In this example, the Neo4j endpoint is set to host="bolt://172.17.0.4" and port=7687, please adjust accordingly. For how to spin up a Neo4j with Docker, you can refer to [this](https://docs.llamaindex.ai/en/stable/examples/property_graph/property_graph_neo4j/#:~:text=stores%2Dneo4j-,Docker%20Setup,%C2%B6,-To%20launch%20Neo4j)

Below, we have some sample data from Paul Grahma's [essay](https://raw.githubusercontent.com/run-llama/llama_index/main/docs/docs/examples/data/paul_graham/paul_graham_essay.txt).

We then initialise the database with that text document, creating the graph in Neo4j.

### A Simple Example

In this example, the graph schema is auto-generated.
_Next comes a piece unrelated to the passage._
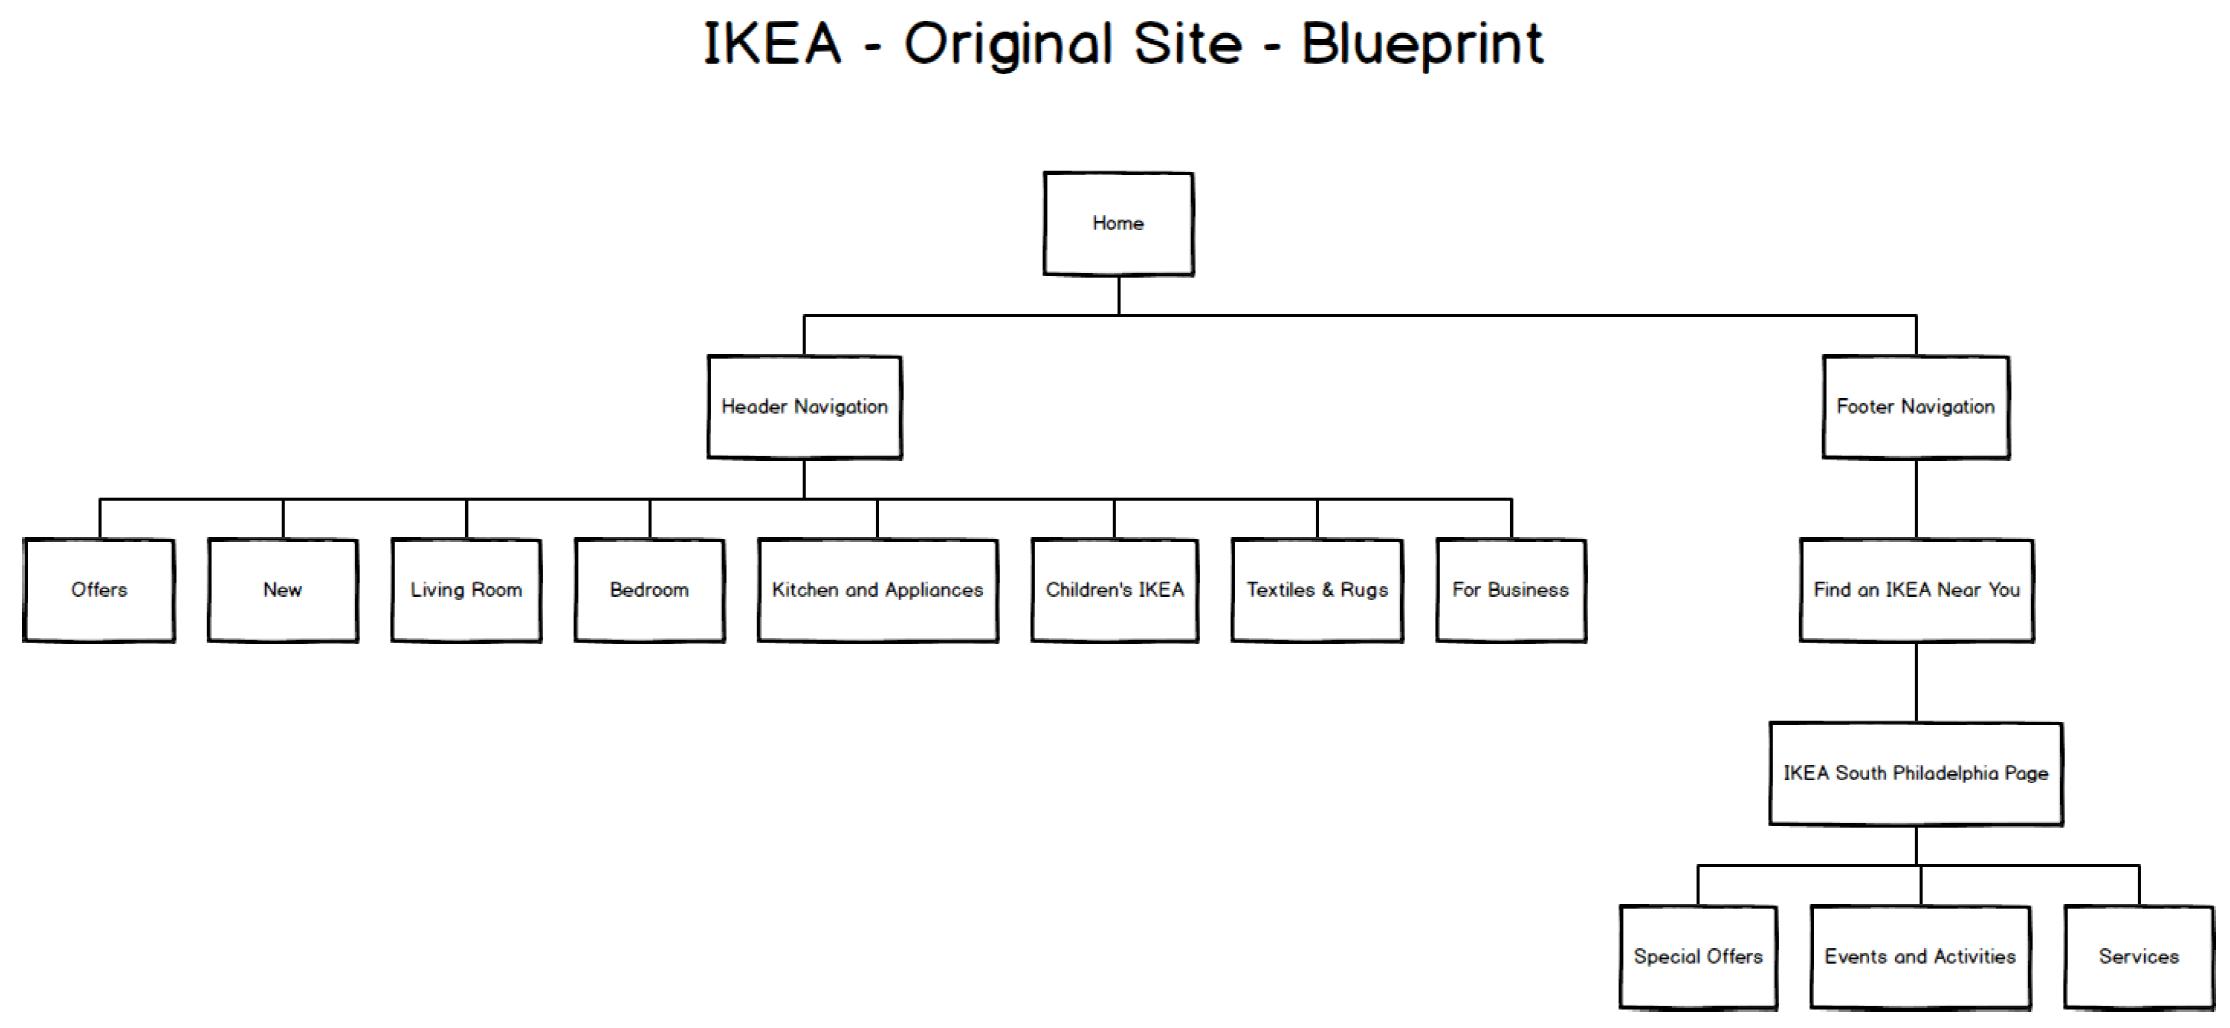 Ikea user experience analysis web user experience designer ikea original blueprint malvernweather Gallery
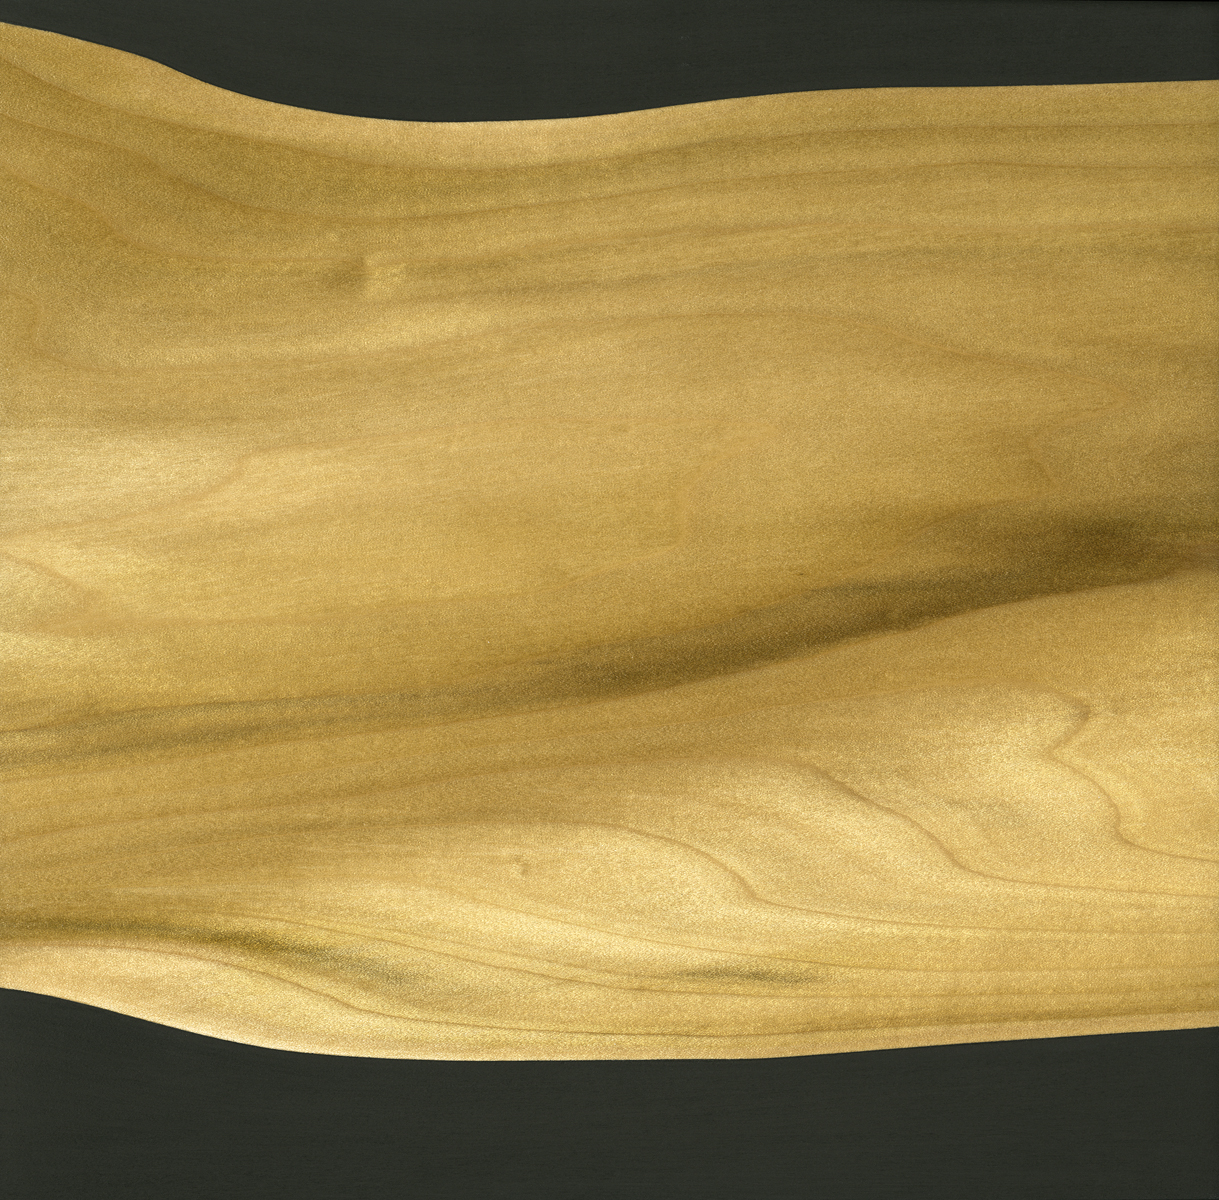 "Glossolalia (Prototype #1)  Gesso/Lacquer/Wood 9 ⅞"" x 9 ⅞"" x 1"" 2017"

This allows you to load data without specifying the specific types of entities and relationships that will make up the database (however, this may not be optimal and not cost efficient). 
First, we create a Neo4j property graph (knowledge graph) with Paul Grahma's essay.

In [3]:
from autogen import ConversableAgent, UserProxyAgent
from autogen.agentchat.contrib.graph_rag.document import Document, DocumentType
from autogen.agentchat.contrib.graph_rag.neo4j_graph_query_engine import Neo4jGraphQueryEngine

# Auto generate graph schema from unstructured data
input_path = "../test/agentchat/contrib/graph_rag/paul_graham_essay.txt"
input_documents = [Document(doctype=DocumentType.TEXT, path_or_url=input_path)]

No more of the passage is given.